→ What you should do: Lines from the one containing "Nobo rollaway projector screen, 1480mm" through the end of the listing are what is wanted, given again exactly with both ends included and pictures left out.

→ Raw data:
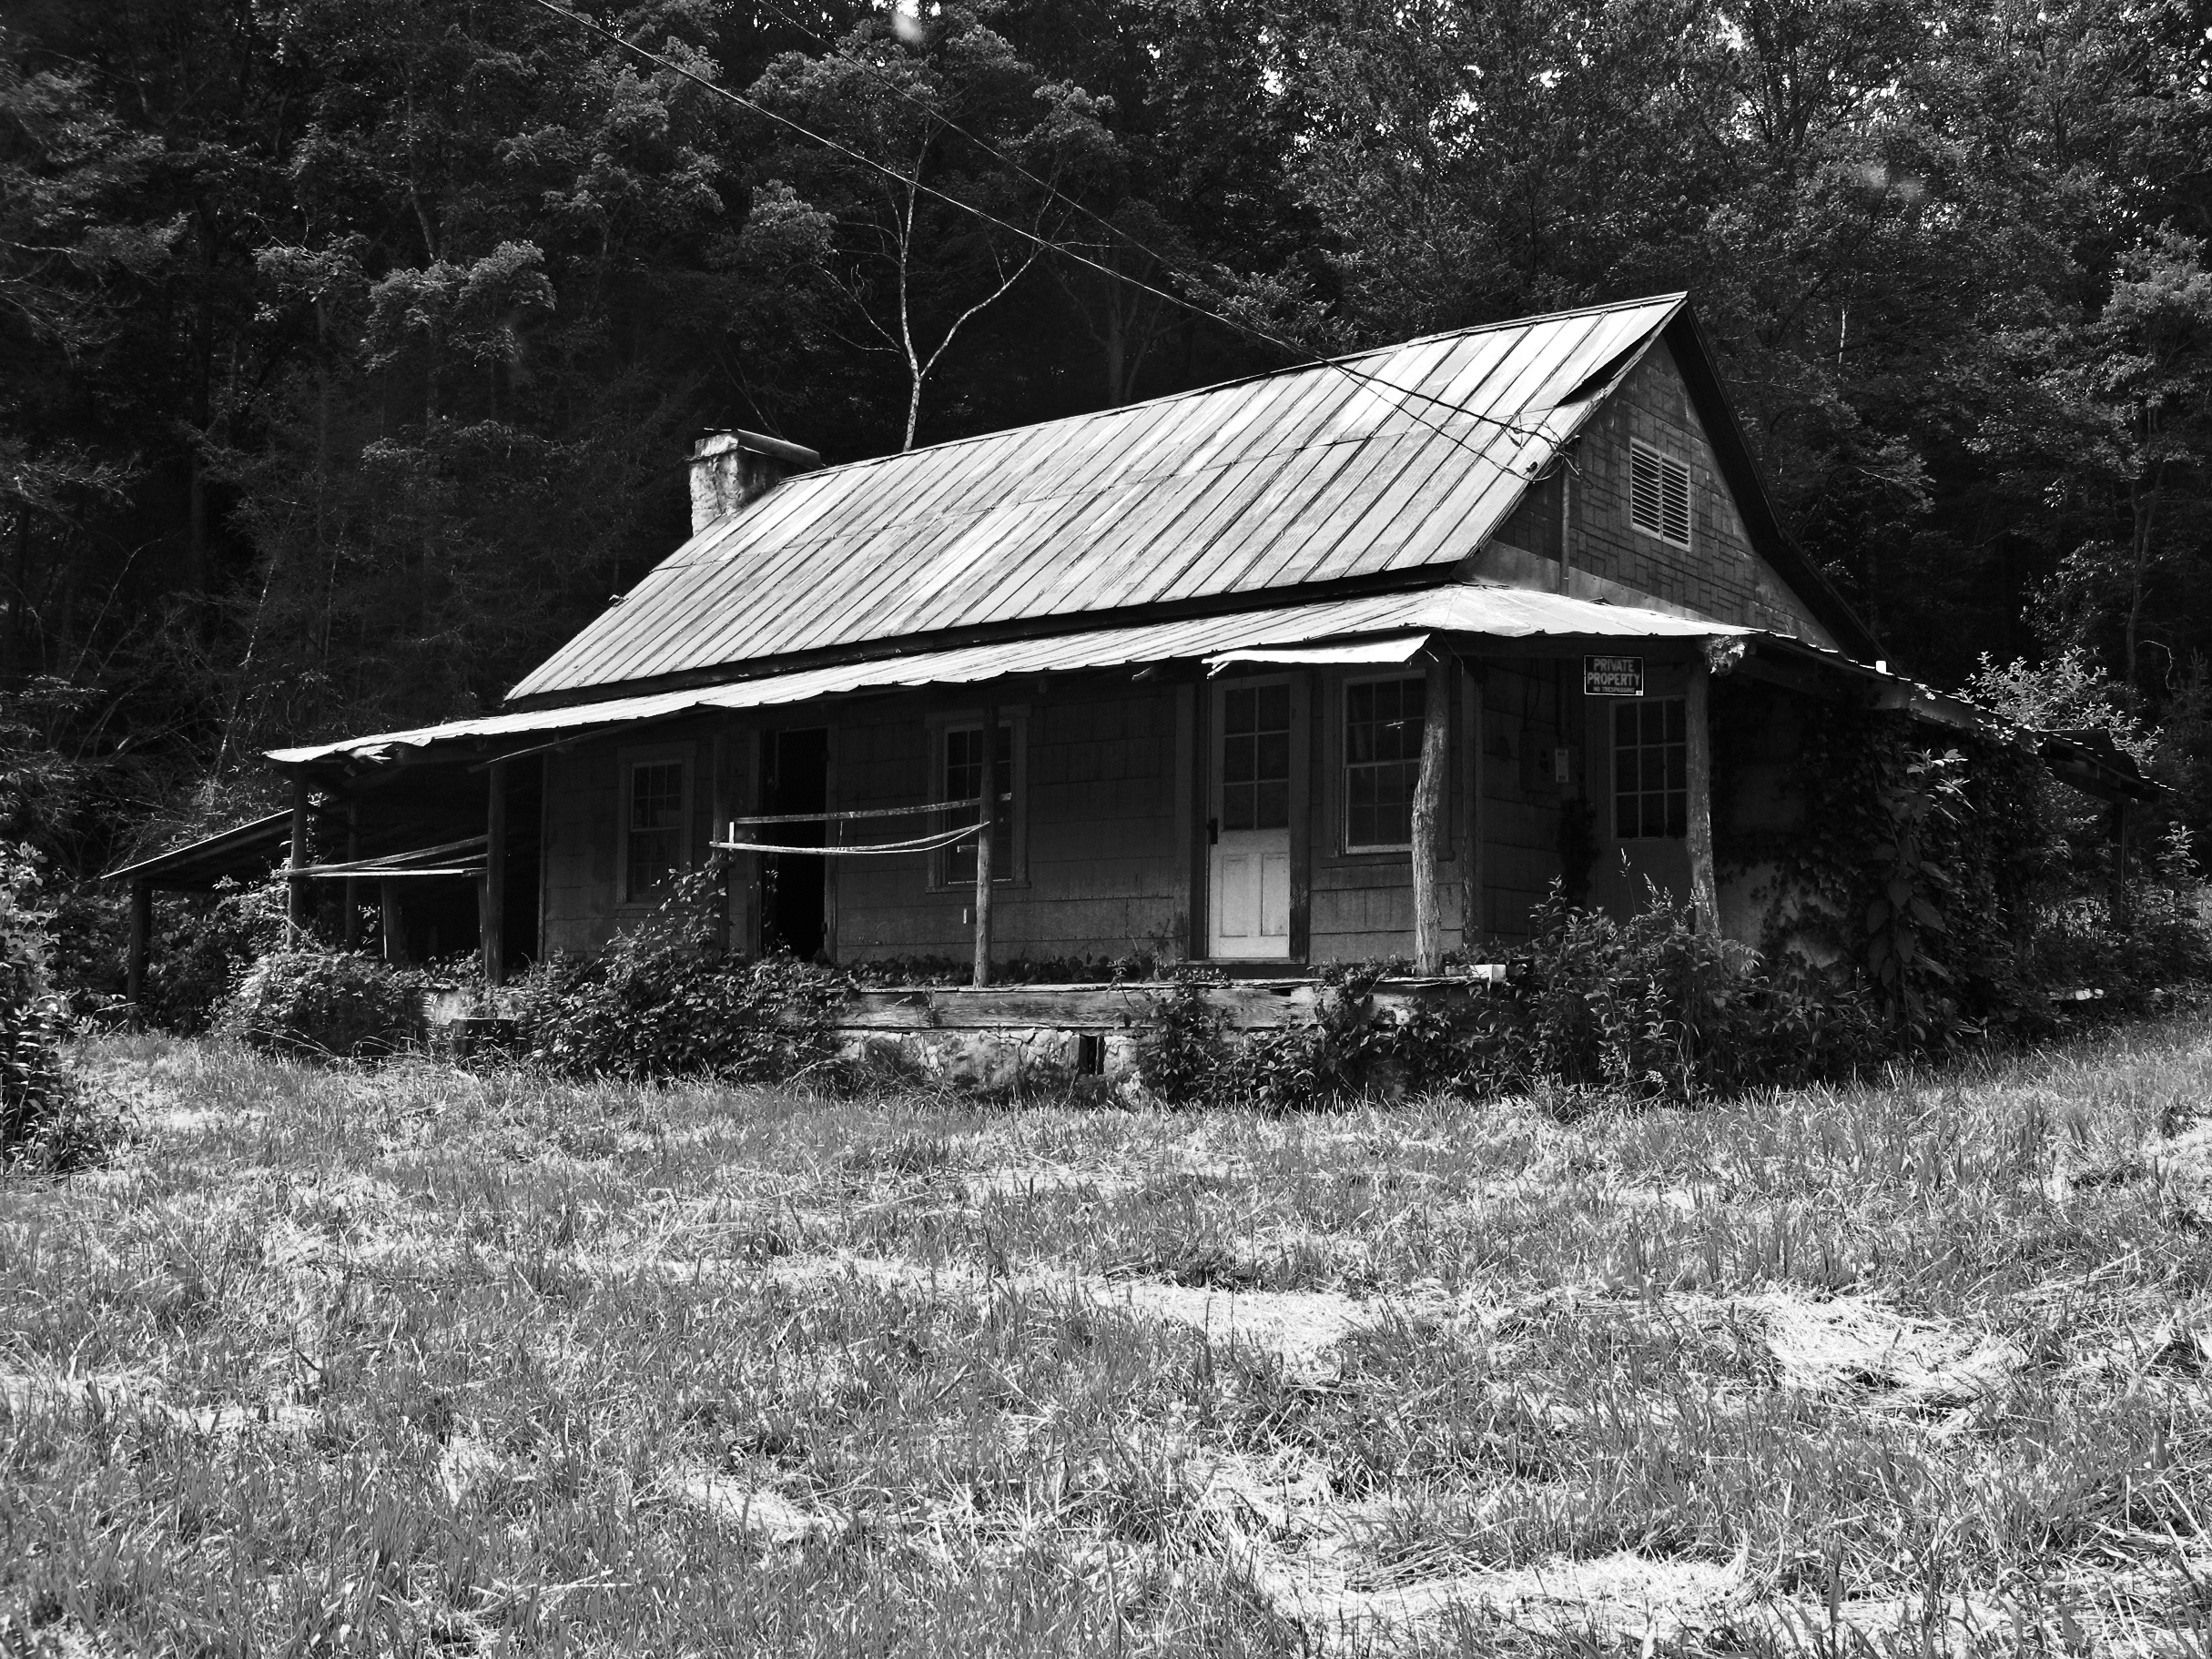    Gnat House  , Fannin County, GA, 2013. B&amp;W HDR digital image. 
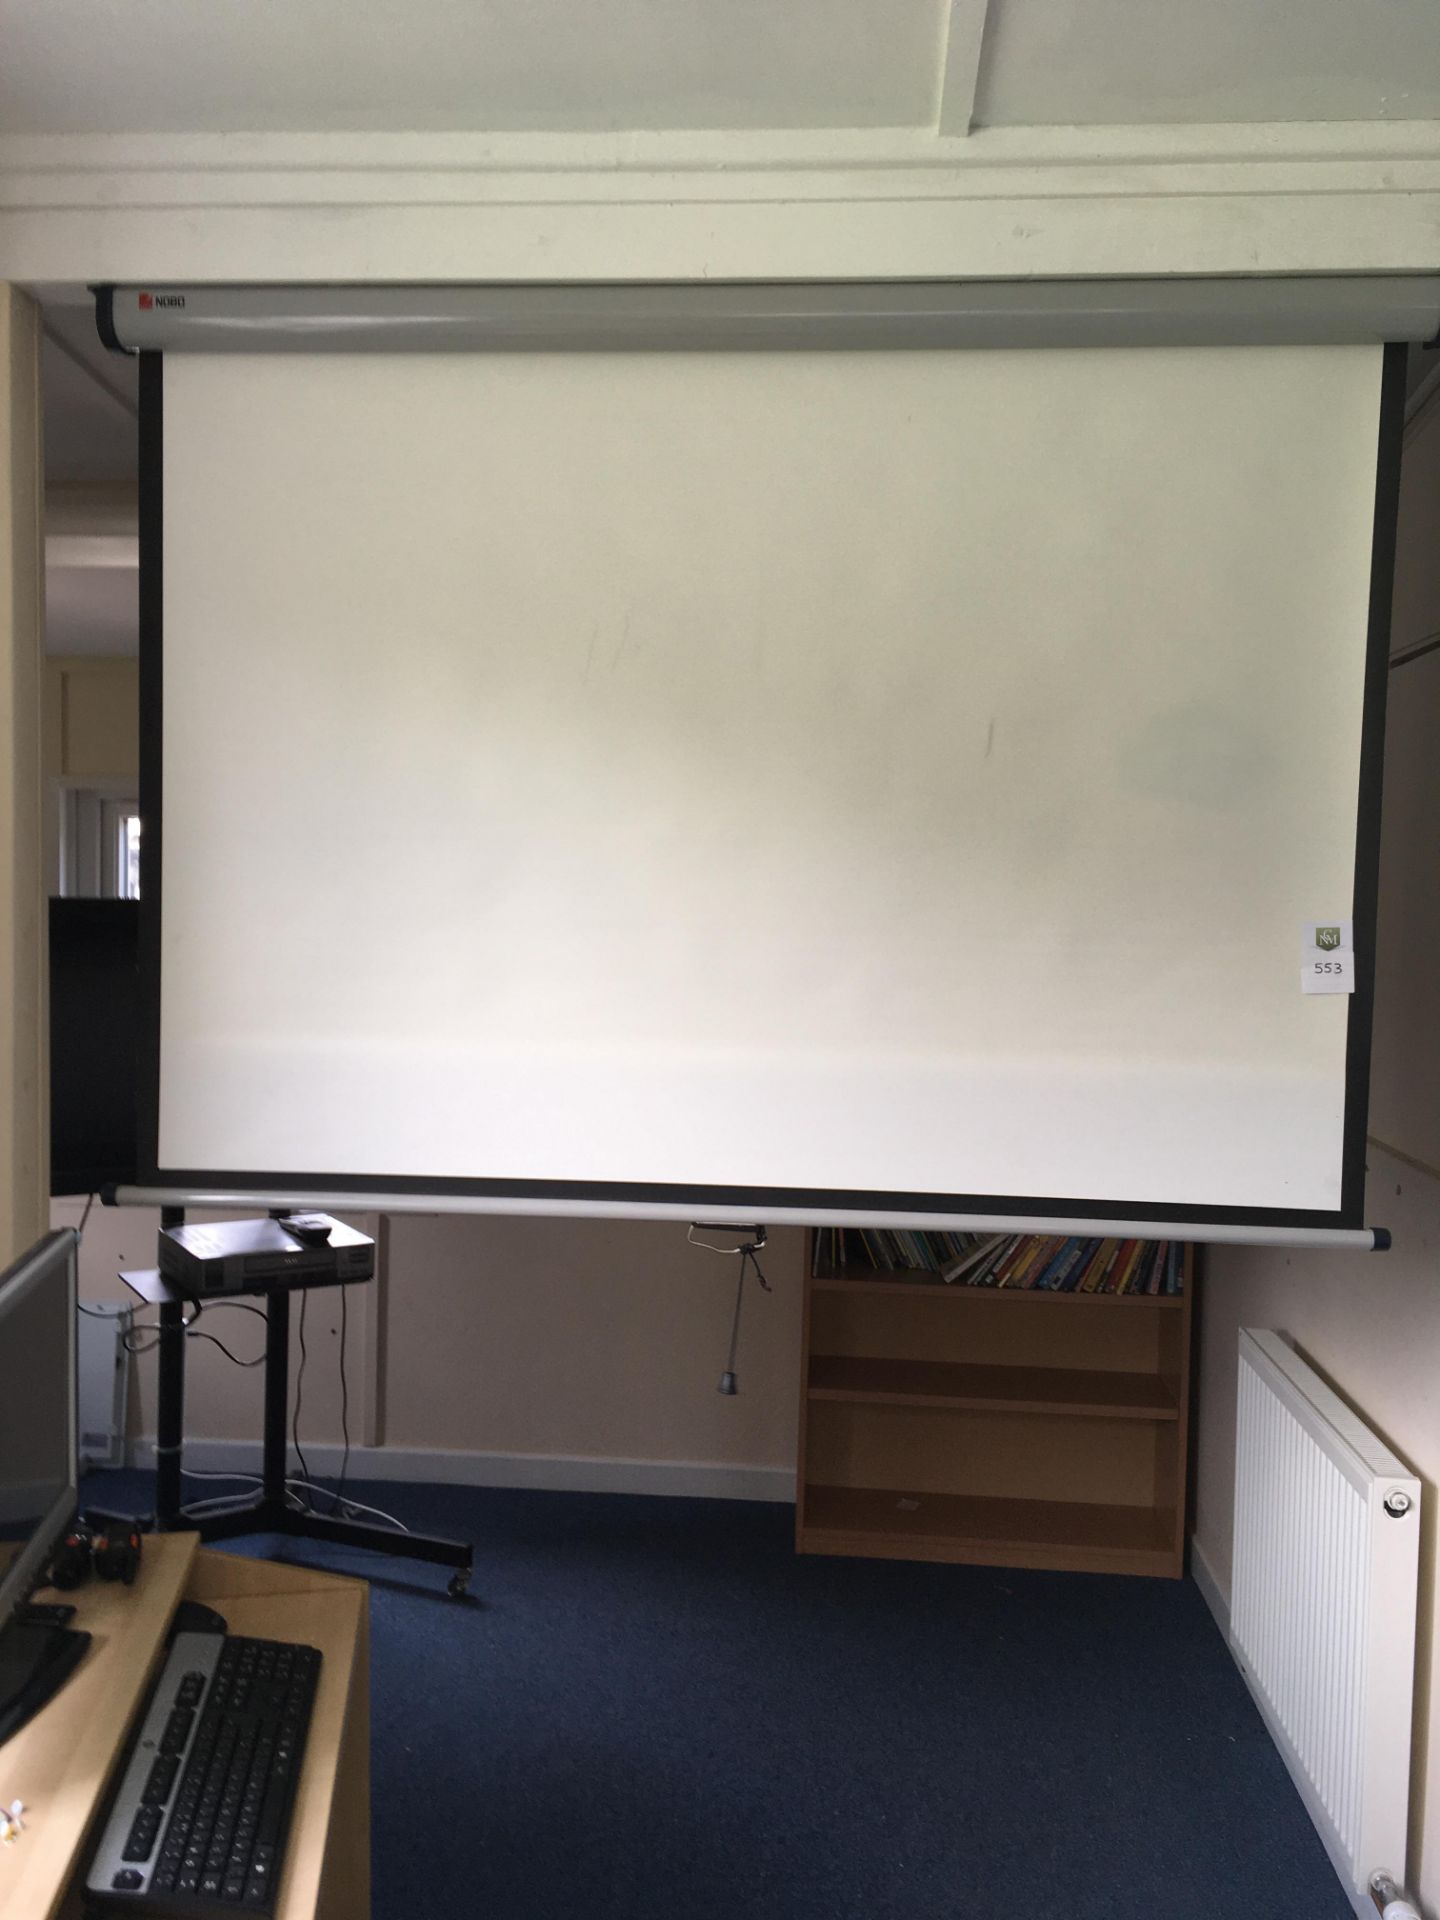 Nobo rollaway projector screen, 1480mm
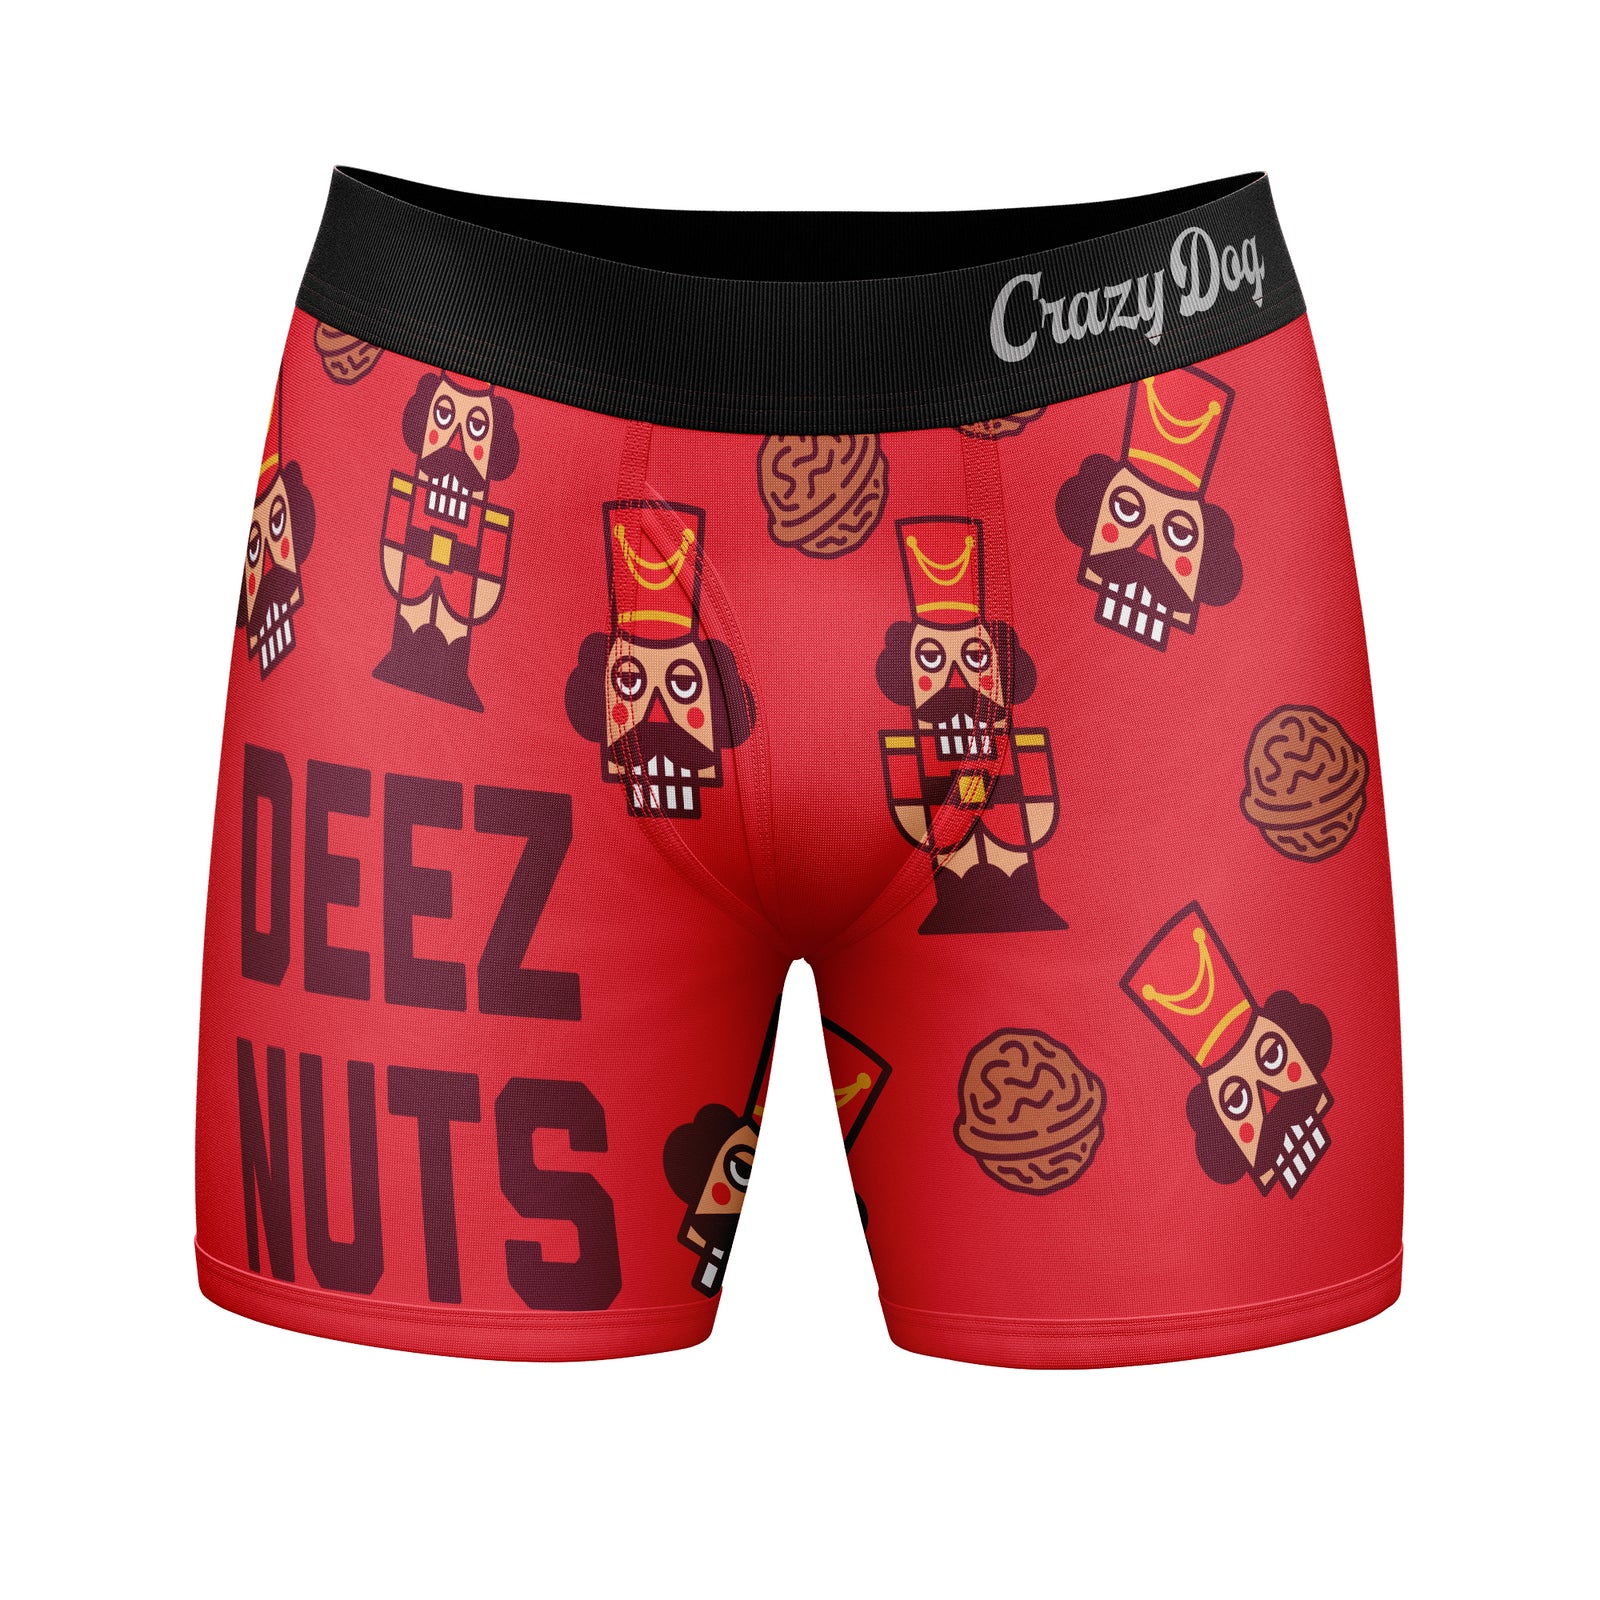 Crazy Boxer, Underwear & Socks

→ Result for this exercise:
 Nobo rollaway projector screen, 1480mm
 Crazy Boxer, Underwear & Socks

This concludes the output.